GENEVA — Former Defense Secretary Donald Rumsfeld could be in trouble soon for the role he played in human rights abuses committed in the Guantanamo prison, a United Nations expert said Wednesday.
"In a year or two, his responsibilities will be established. Wherever he goes, he will face difficulties," Leandro Despouy, who is special rapporteur on the independence of judges and lawyers, told journalists in Geneva.
A bipartisan Senate report released late last year found Rumsfeld and other top administration officials responsible for abuse of Guantanamo detainees.
It said Rumsfeld authorized harsh interrogation techniques on Dec. 2, 2002, at the Guantanamo prison, although he ruled them out a month later.

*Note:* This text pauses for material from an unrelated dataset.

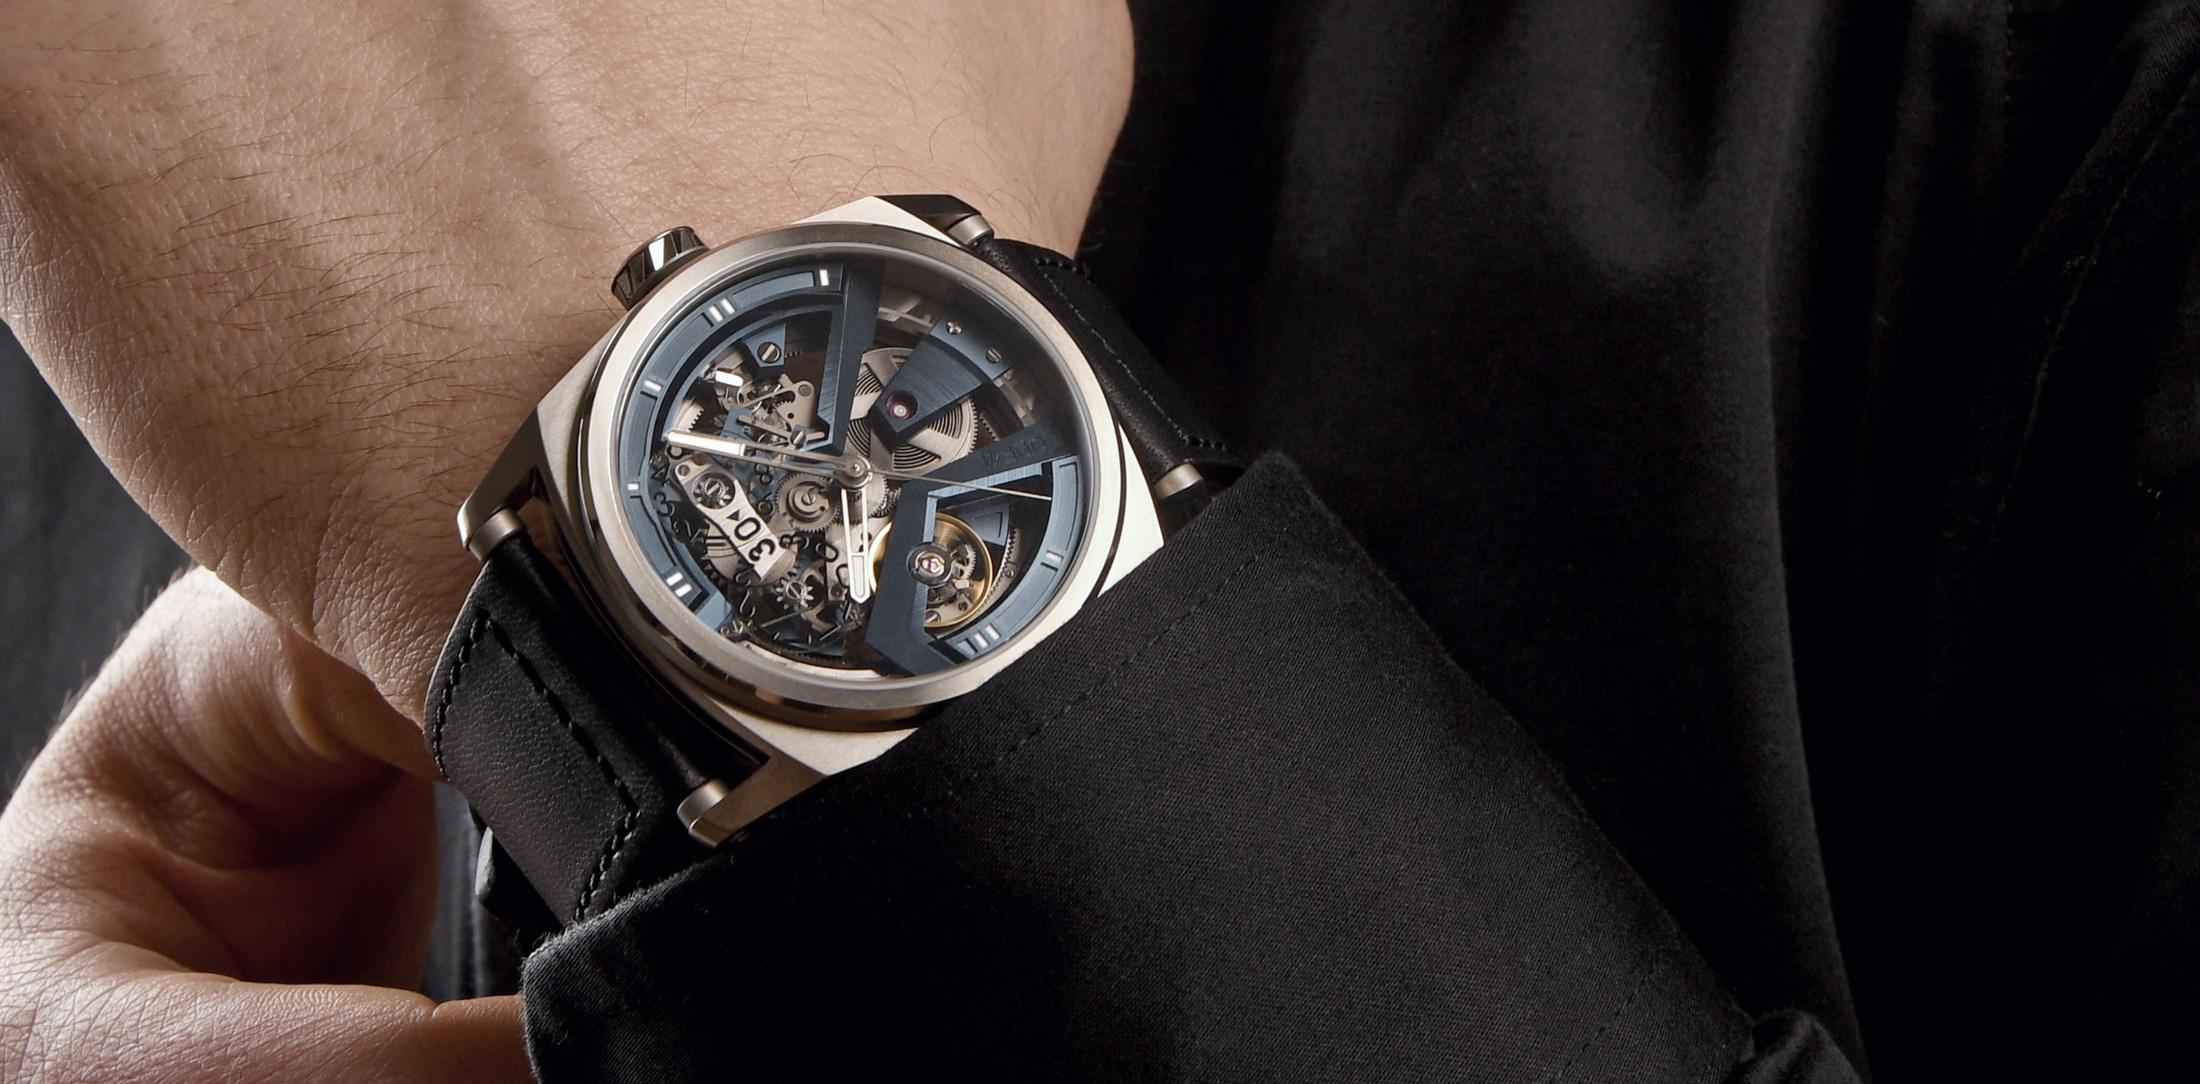 X41Quintessential Watchmaking X41Quintessential X41Quintessential Watchmaking X41Quintessential Watchmaking Watchmaking X41Quintessential X41Quintessential X41Quintessential X41Quintessential Watchmaking Watchmaking X41Quintessential Watchmaking Watchmaking KJ3uFcTl1
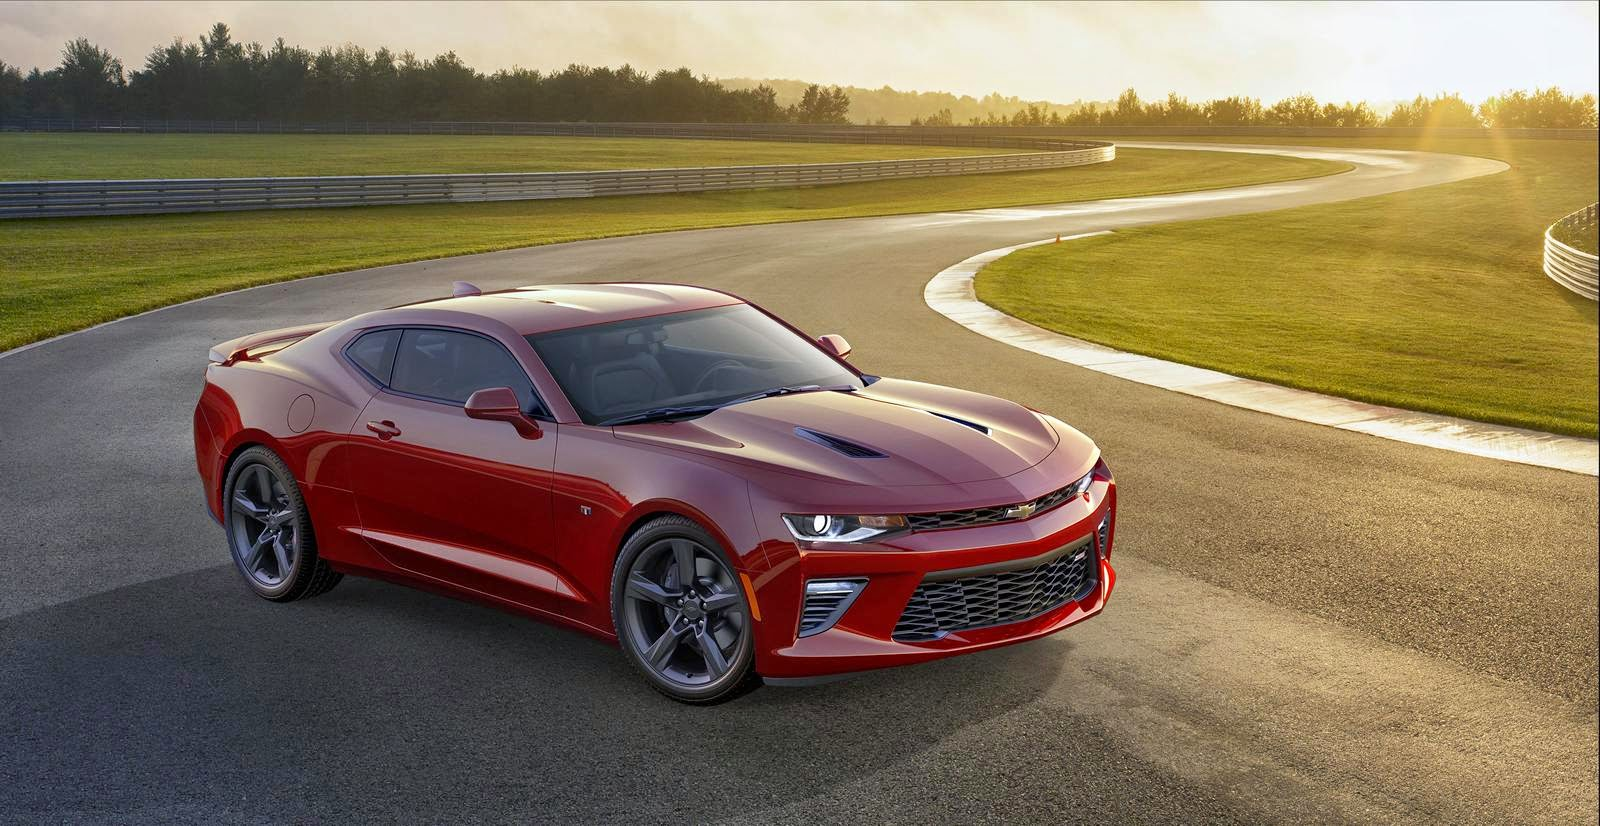 [Resim: Chevrolet%2BCamaro%2B4.jpg]

Despouy said the "strong resistance" of the Bush administration to President Barack Obama's decision to close the detention center has nothing to do with the officially cited reason of "national security" considerations.
Rather, they fear they may be taken to task once the detention centre is closed, said Despouy.
The U.N. expert urged the international community to back Obama's decision to close the prison.
"If we act in the perspective of human rights, we should support the efforts of those who want these responsibilities to be established," he added, referring to the harsh interrogation techniques used on the detainees.
The international community should take in former detainees to help the United States.
Obama has said he would close the notorious "war on terror" prison at Guantanamo Bay, Cuba by January 2010 and is seeking host states for up to 60 of the 245 inmates.
The Obama administration faces a series of legal and political hurdles in its efforts to close the base, with strong opposition against releasing detainees into the United States.
In January, the U.N.'s special torture rapporteur called on the United States to pursue Rumsfeld and former President George W. Bush for torture and bad treatment of Guantanamo prisoners.
"Judicially speaking, the United States has a clear obligation" to bring proceedings against Bush and Rumsfeld, the United Nations Special Rapporteur on Torture Manfred Nowak said, in remarks broadcast on Germany's ZDF television.
He noted Washington had ratified the UN convention on torture which required "all means, particularly penal law" to be used to bring proceedings against those violating it.